Exercise goal
Line by line, return the listing exactly, without any of the images.

──────── Source data ────────

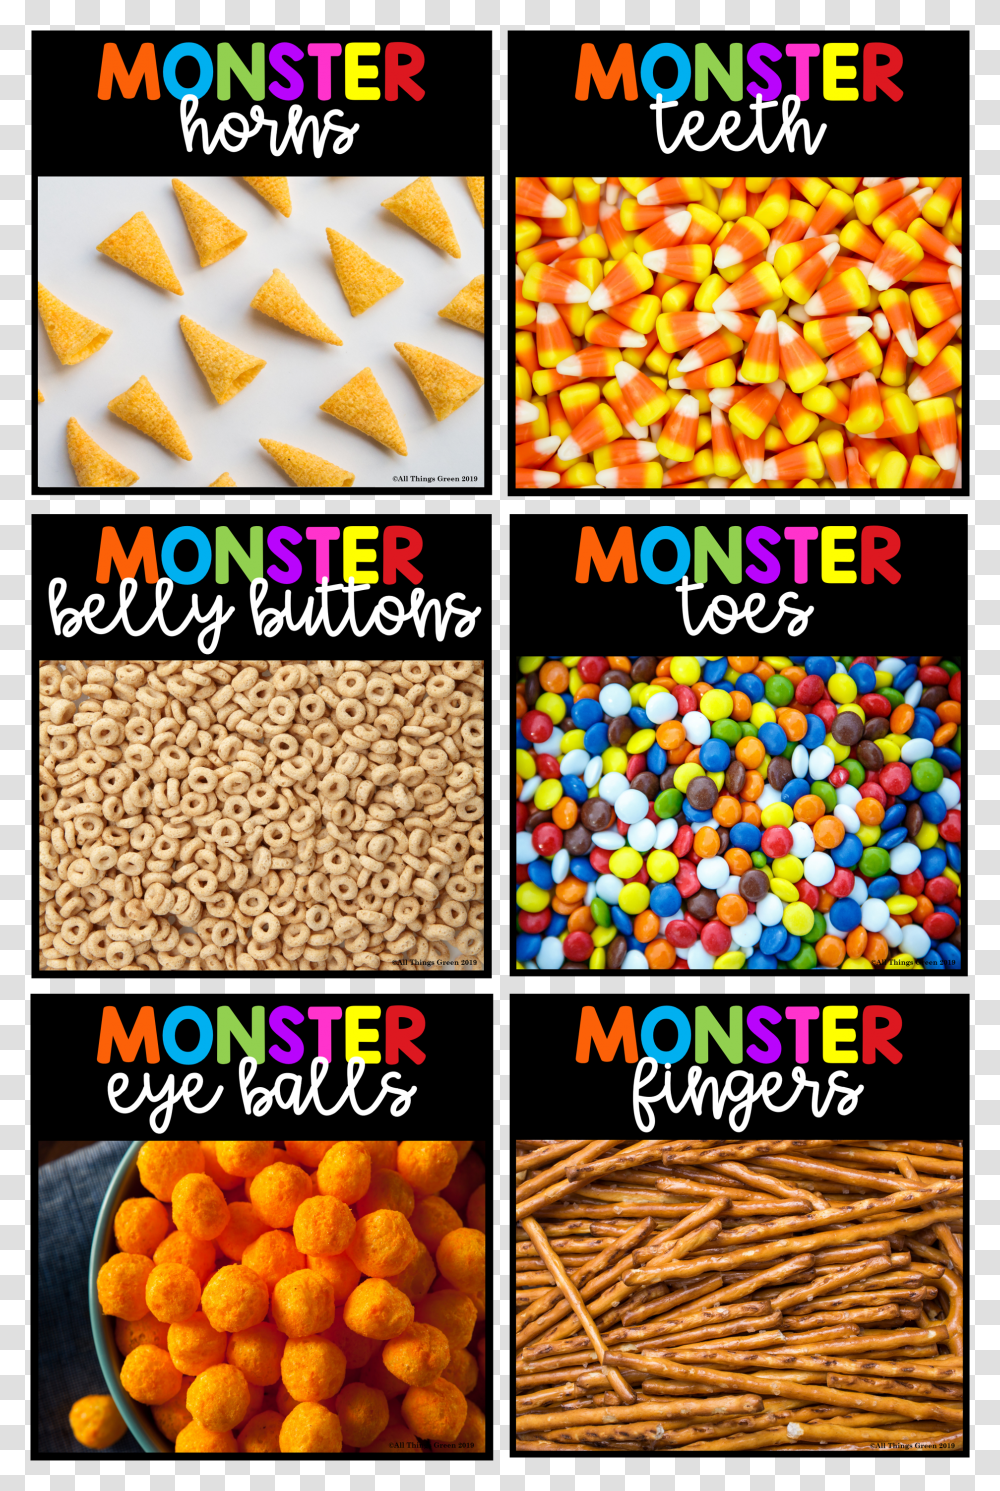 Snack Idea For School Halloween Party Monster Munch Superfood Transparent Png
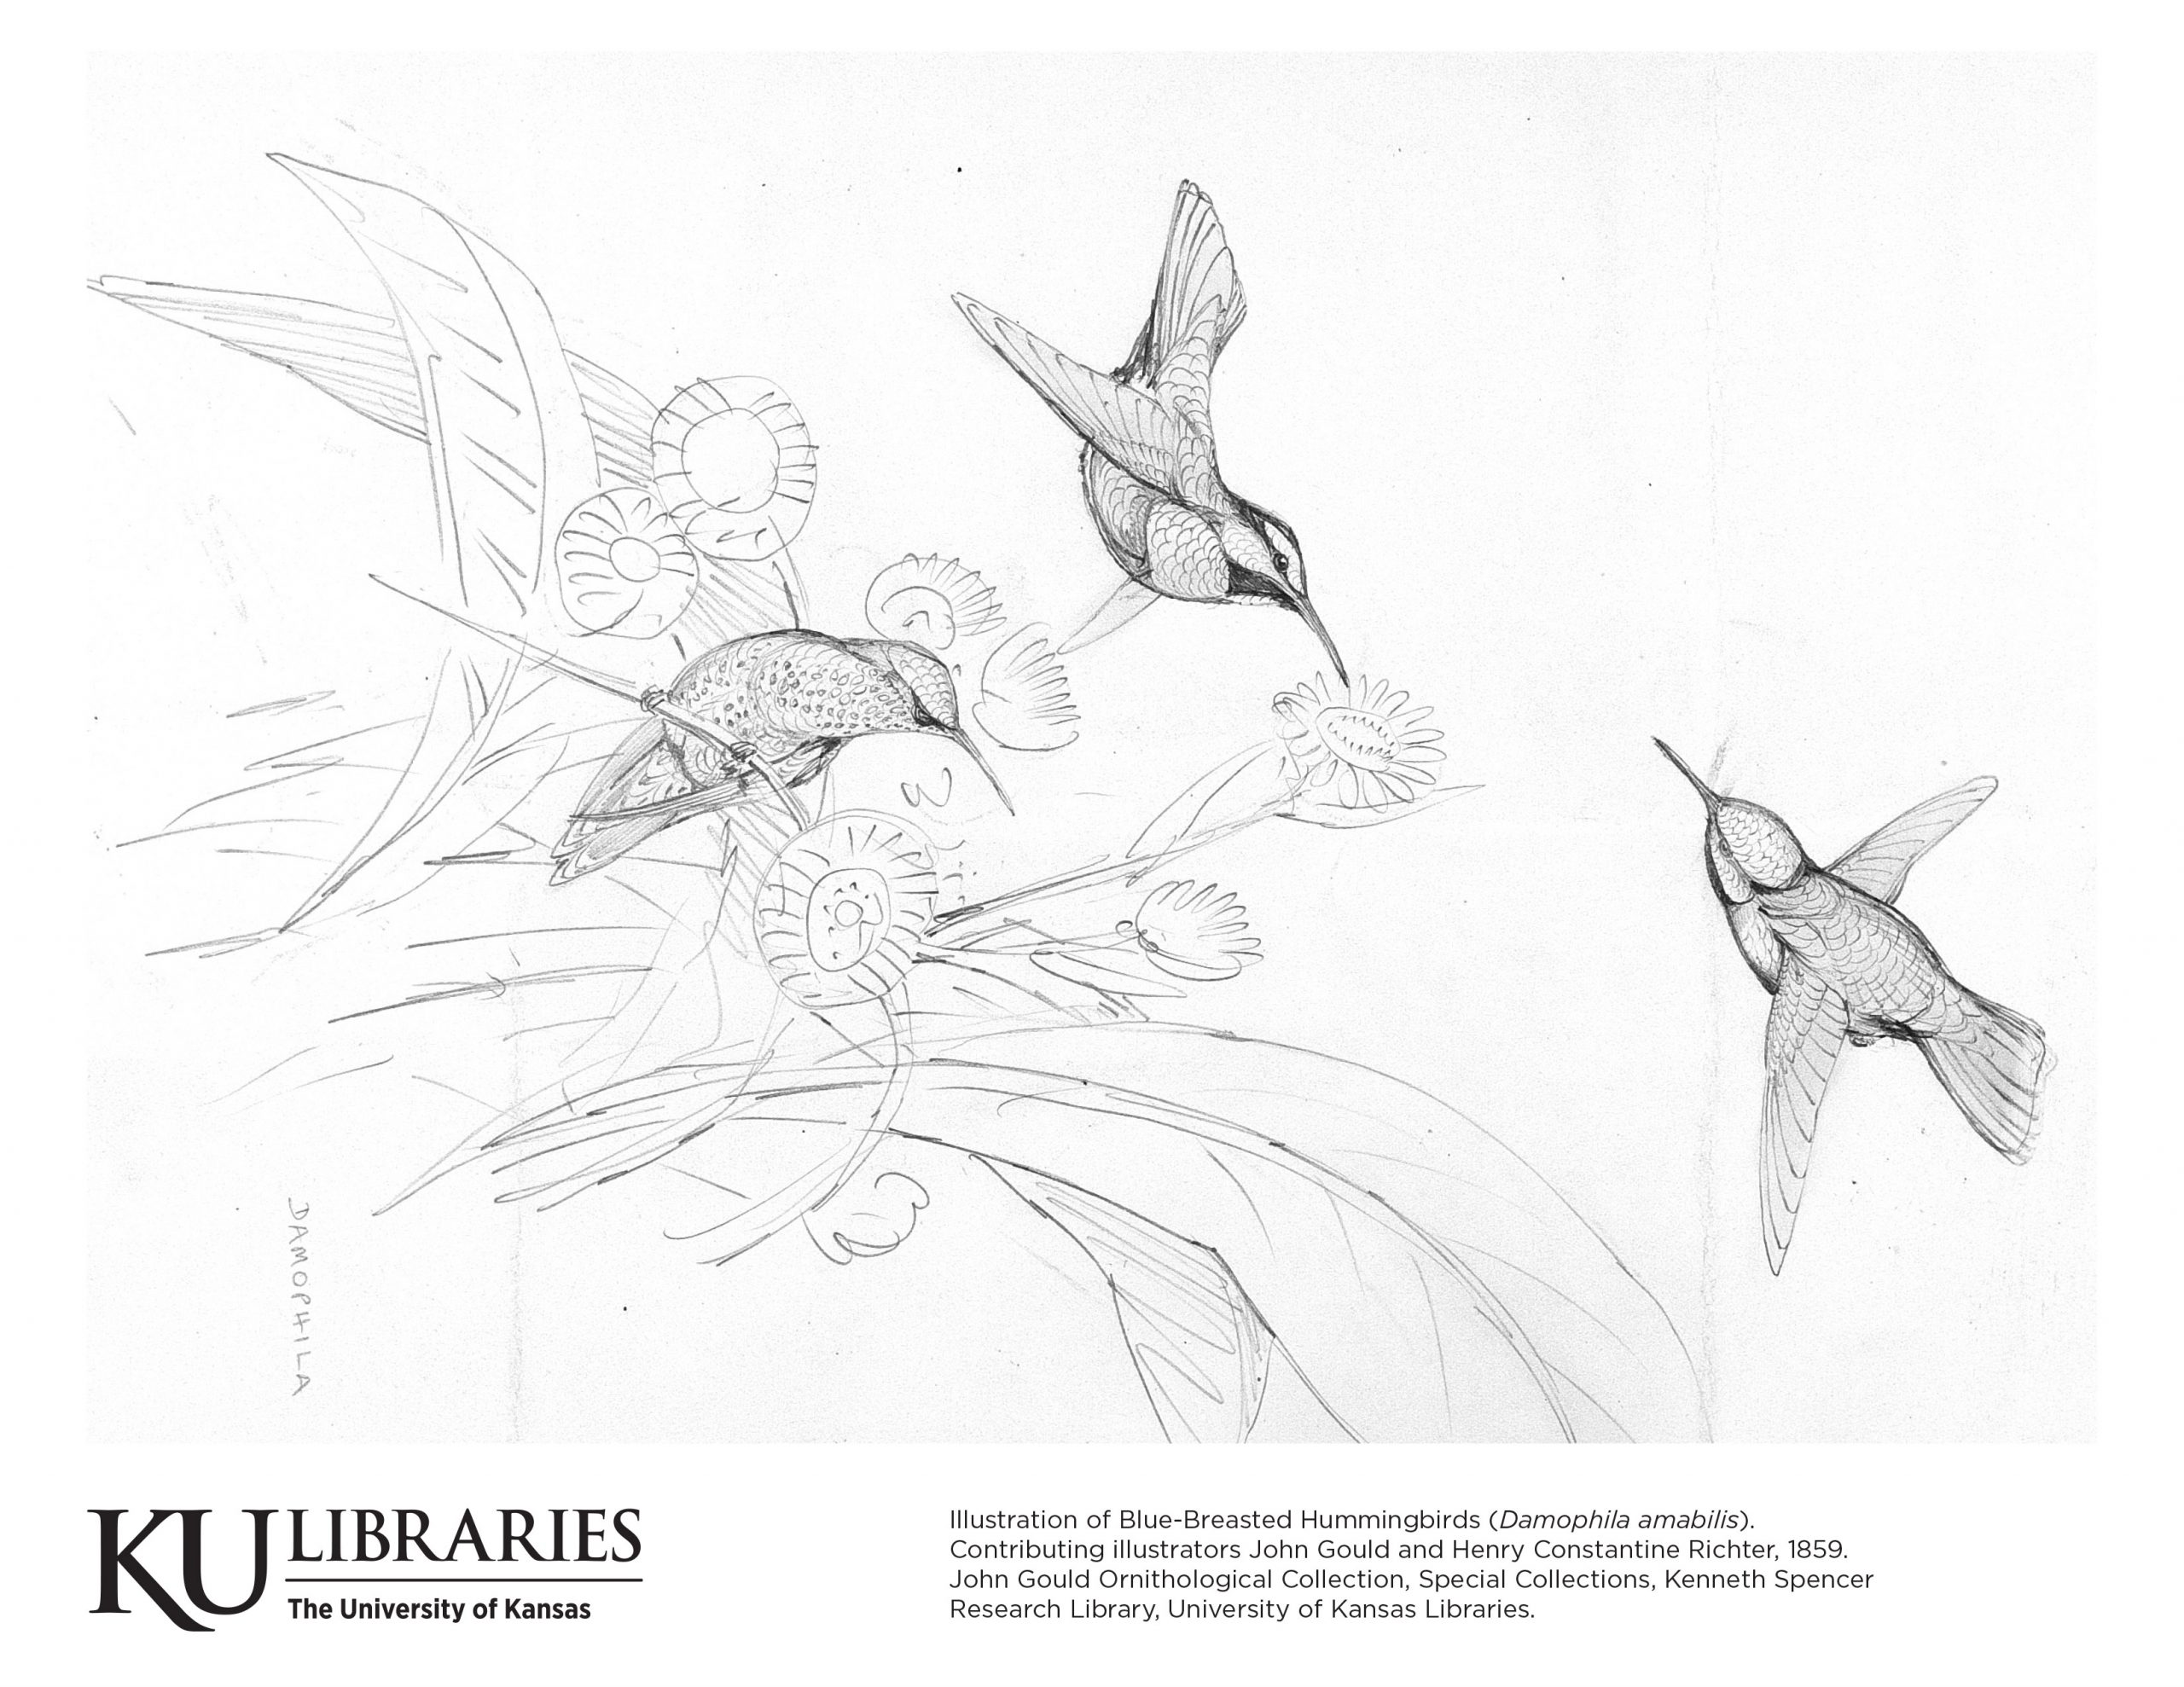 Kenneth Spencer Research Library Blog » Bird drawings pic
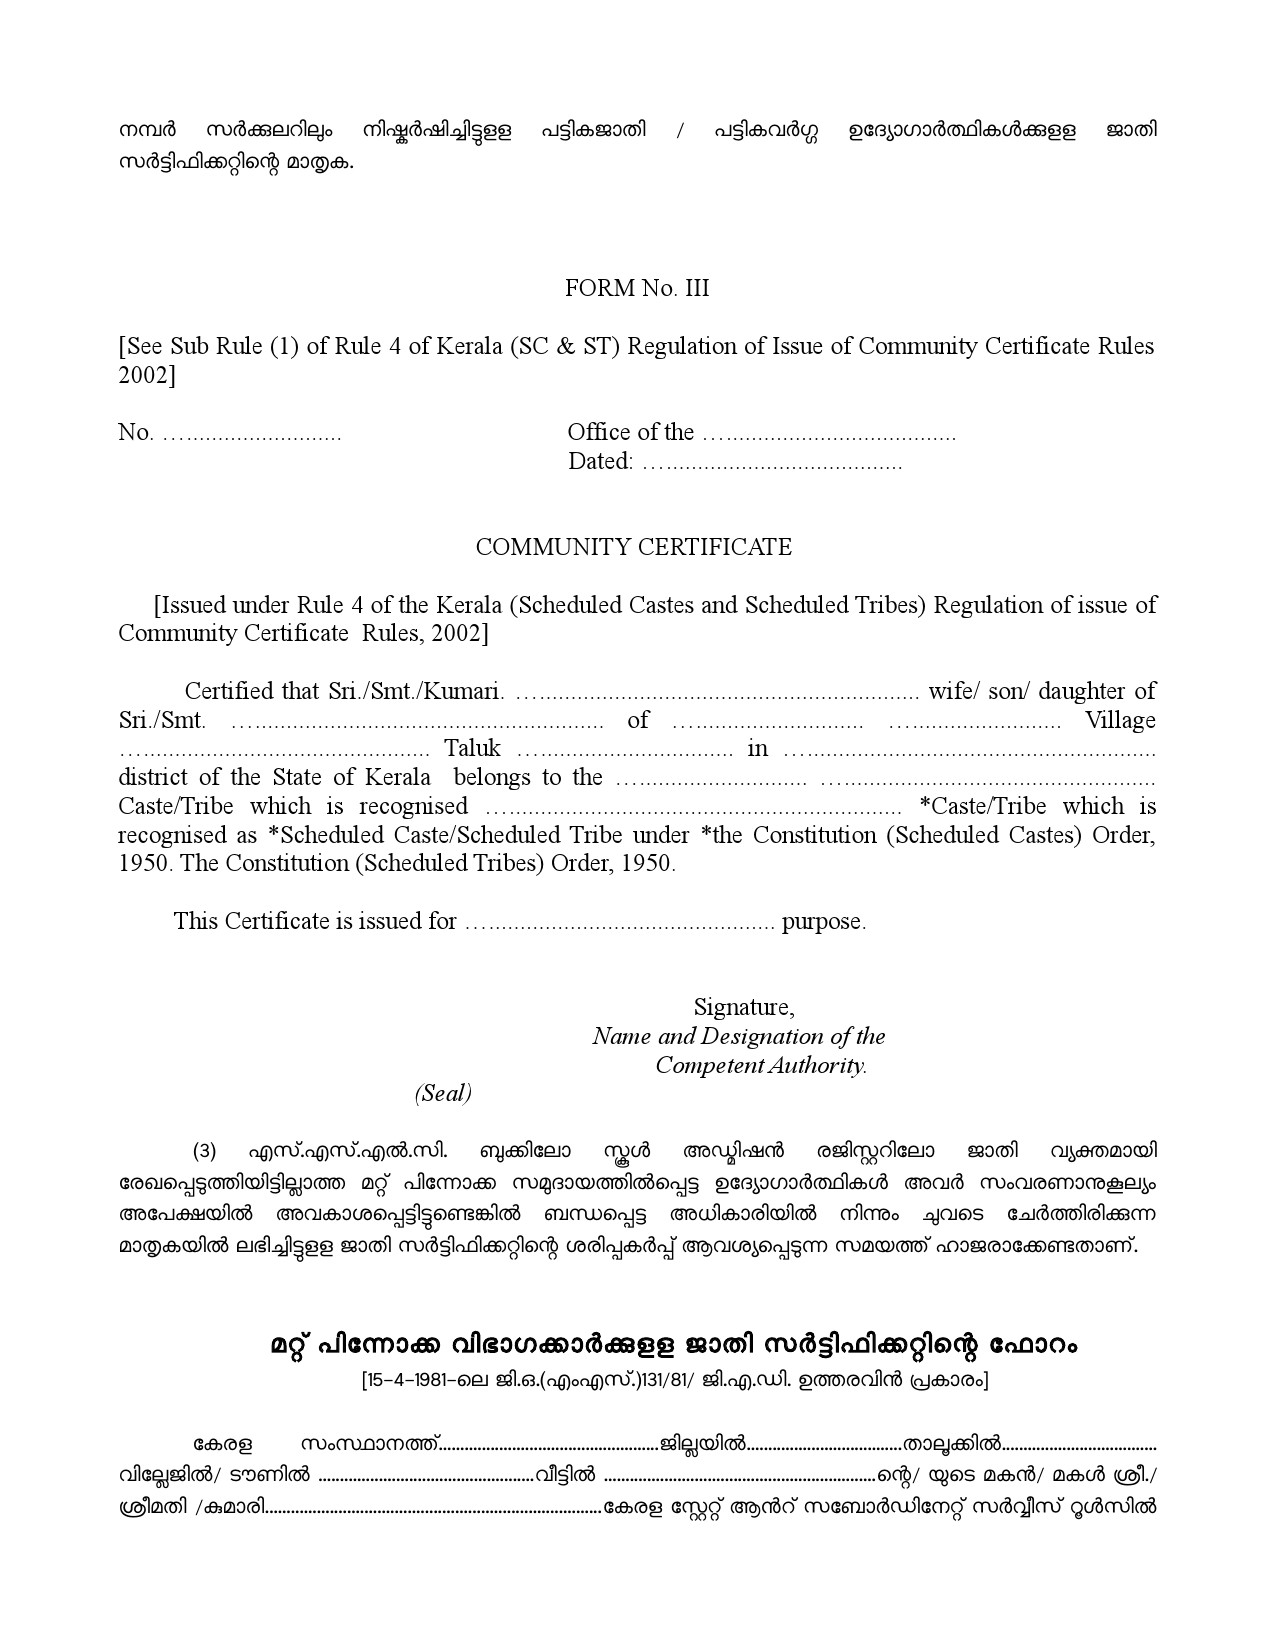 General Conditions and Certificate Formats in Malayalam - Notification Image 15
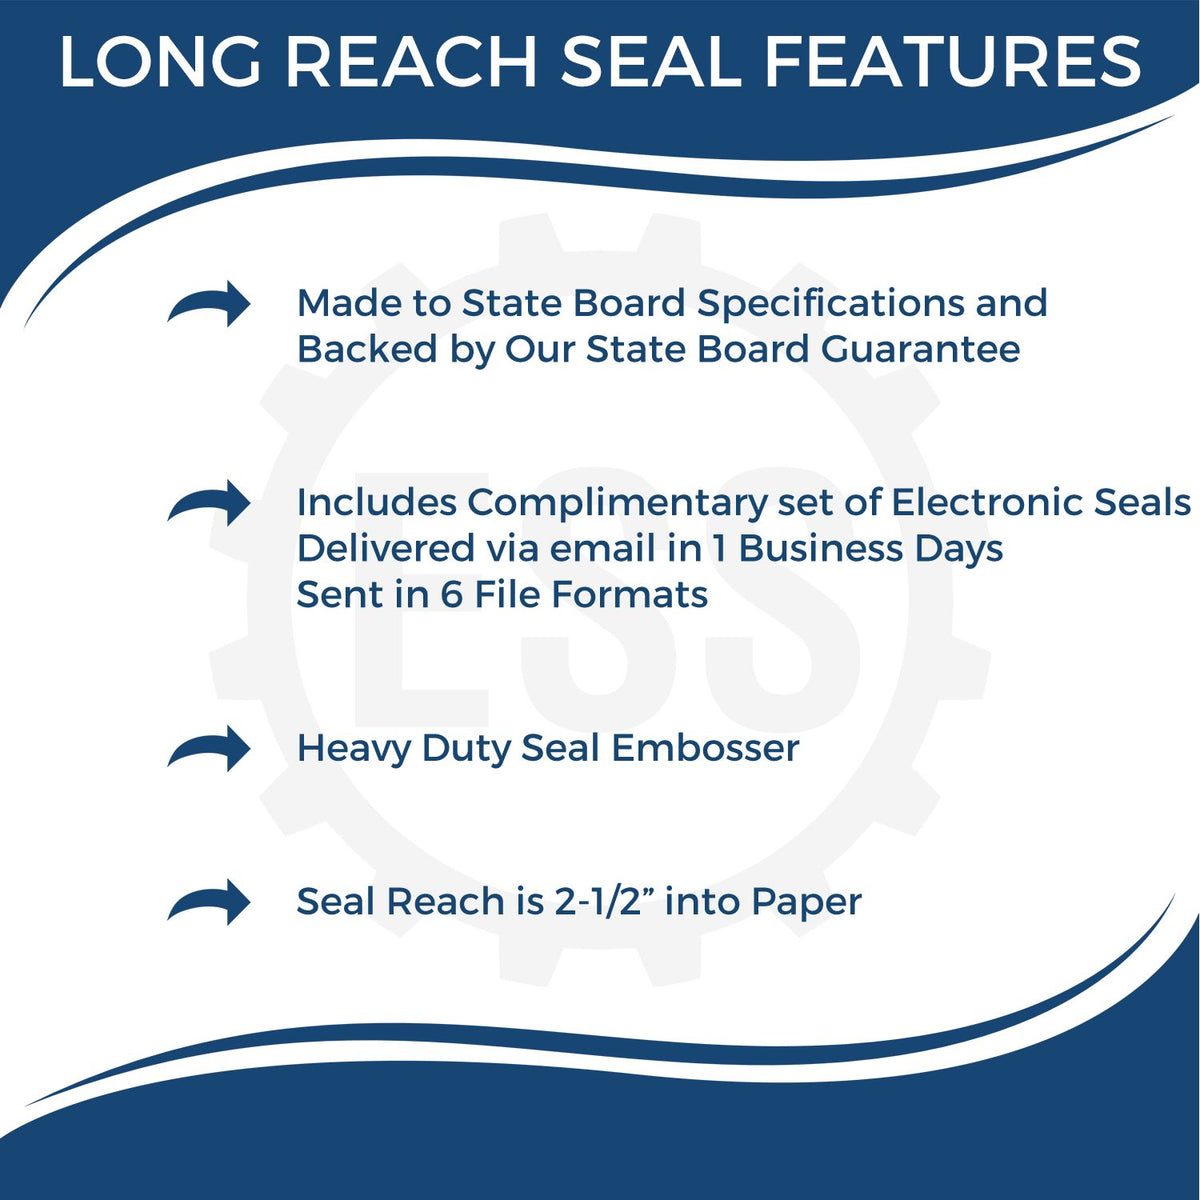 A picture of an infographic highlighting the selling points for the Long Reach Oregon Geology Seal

────────

Task response
 Snack Idea For School Halloween Party Monster Munch Superfood Transparent Png
 Kenneth Spencer Research Library Blog » Bird drawings pic
 General Conditions and Certificate Formats in Malayalam - Notification Image 15
 A picture of an infographic highlighting the selling points for the Long Reach Oregon Geology Seal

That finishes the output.